Limitations & Future Work

  • The accuracy of OSM-Det cannot be 100%—false positive and false negative rates during large-scale applications affect AAR estimation.
  • Only three English platforms are covered—major platforms such as X/Twitter and YouTube are not included.
  • Changes in AAR may be partially influenced by shifts in platform policies (e.g., Medium's moderation policies).
  • The study does not differentiate between different usage intentions of AIGT (e.g., AI-assisted writing vs.
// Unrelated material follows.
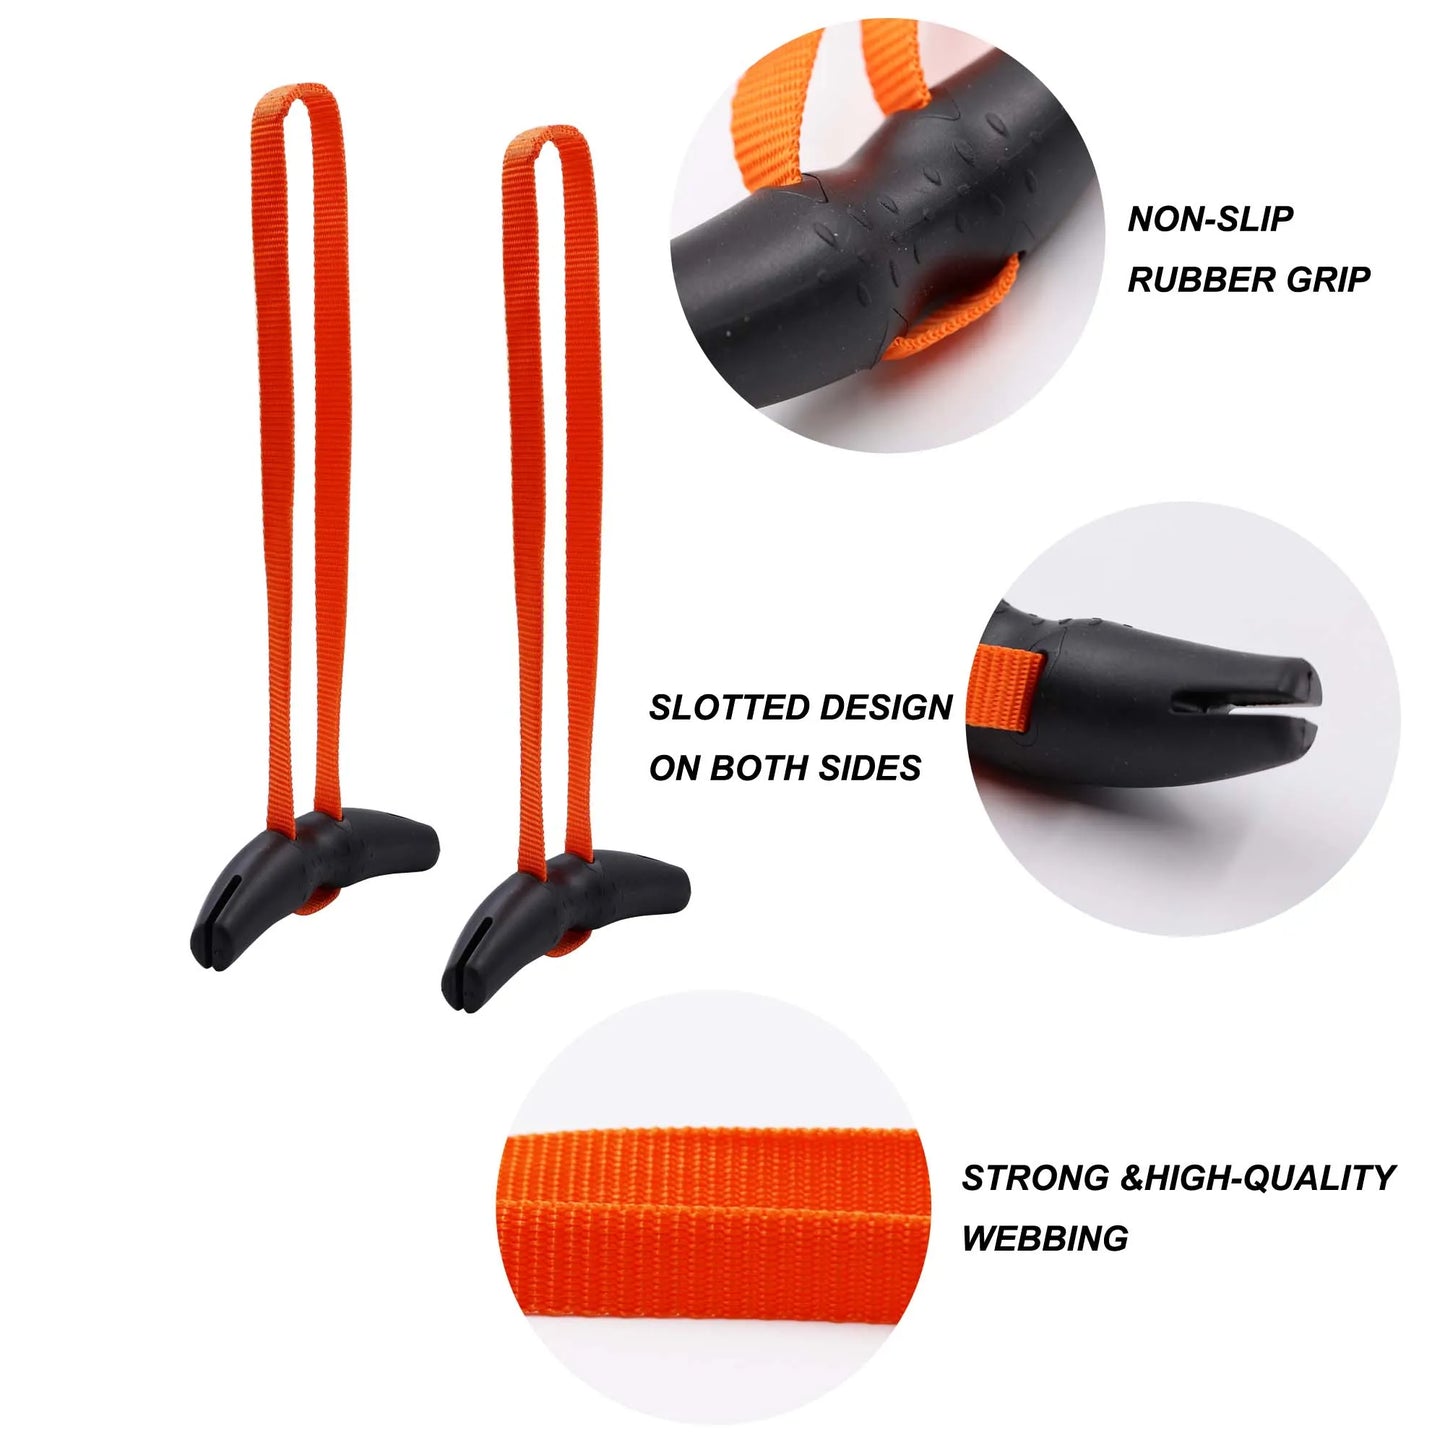 Gym Pull Up Handles Rubber Grip Heavy Duty Cable Machine Handles Weight-lifting Gym Equipment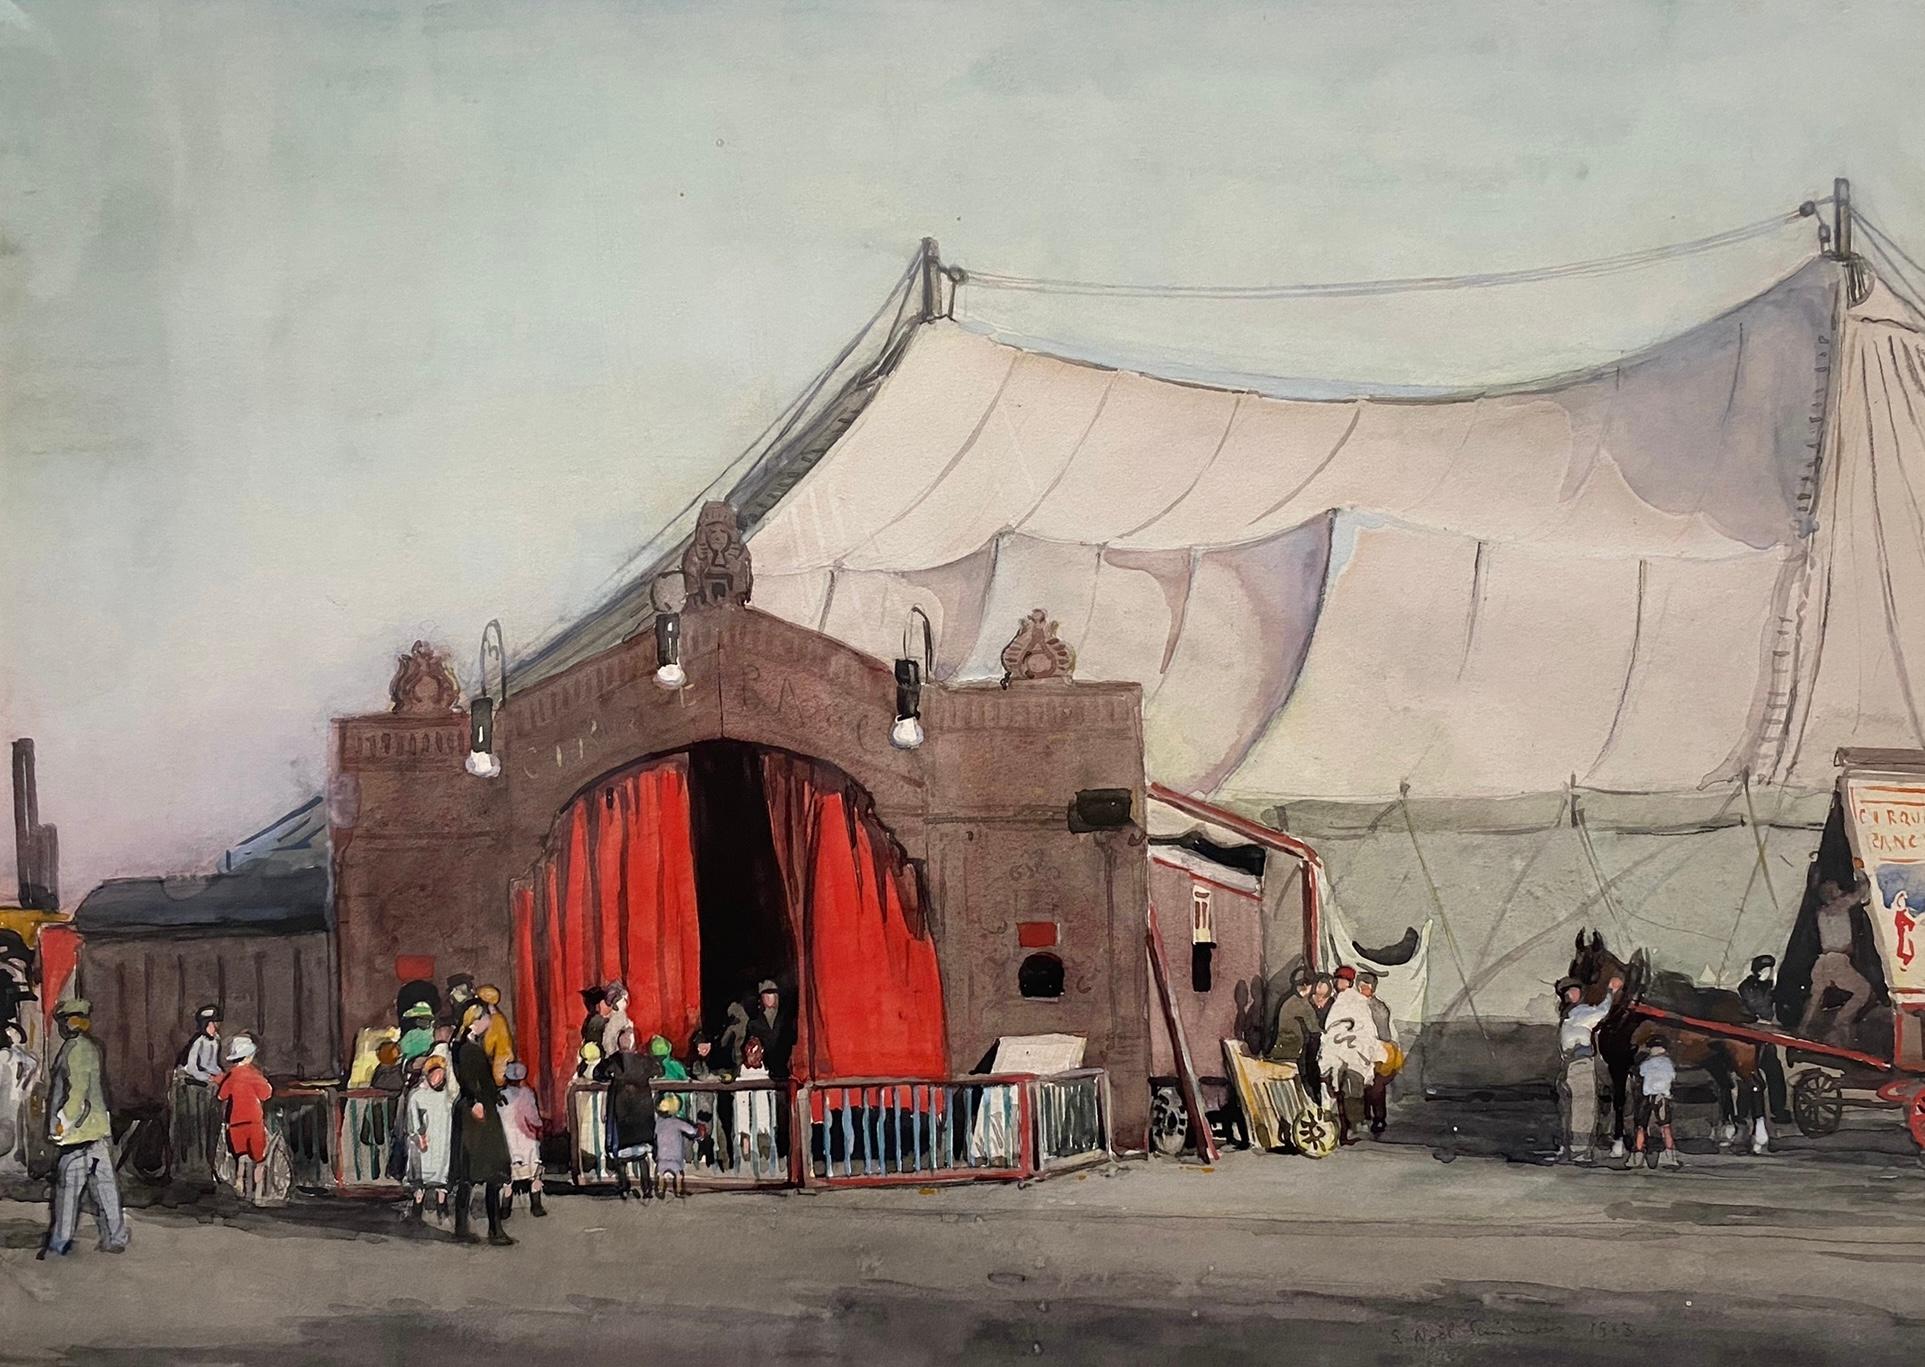 Sydney Noel Simmons Figurative Art - Cirque Rancy, Signed and Dated 1913 English Watercolour

SPAM).
  • vs MultiSocial: MultiSocial constructs detection benchmarks, while this paper goes a step further by conducting longitudinal quantitative monitoring.
  • vs Perez et al.: While they study information collapse in iterative generation, this paper focuses on the propagation of AIGT over social media.
  • This work establishes an empirical foundation for platform content governance and AI text regulation.

Rating

  • Novelty: ⭐⭐⭐⭐⭐ Offers the first large-scale longitudinal quantification of AIGT on social media, with highly citable empirical data.
  • Experimental Thoroughness: ⭐⭐⭐⭐⭐ Includes 2.4M posts + 12 LLMs + 3 platforms + longitudinal tracking + multi-dimensional analysis.
  • Writing Quality: ⭐⭐⭐⭐ Clear data presentation with impactful findings.
  • Value: ⭐⭐⭐⭐⭐ Holds significant policy implications for AI governance and content regulation.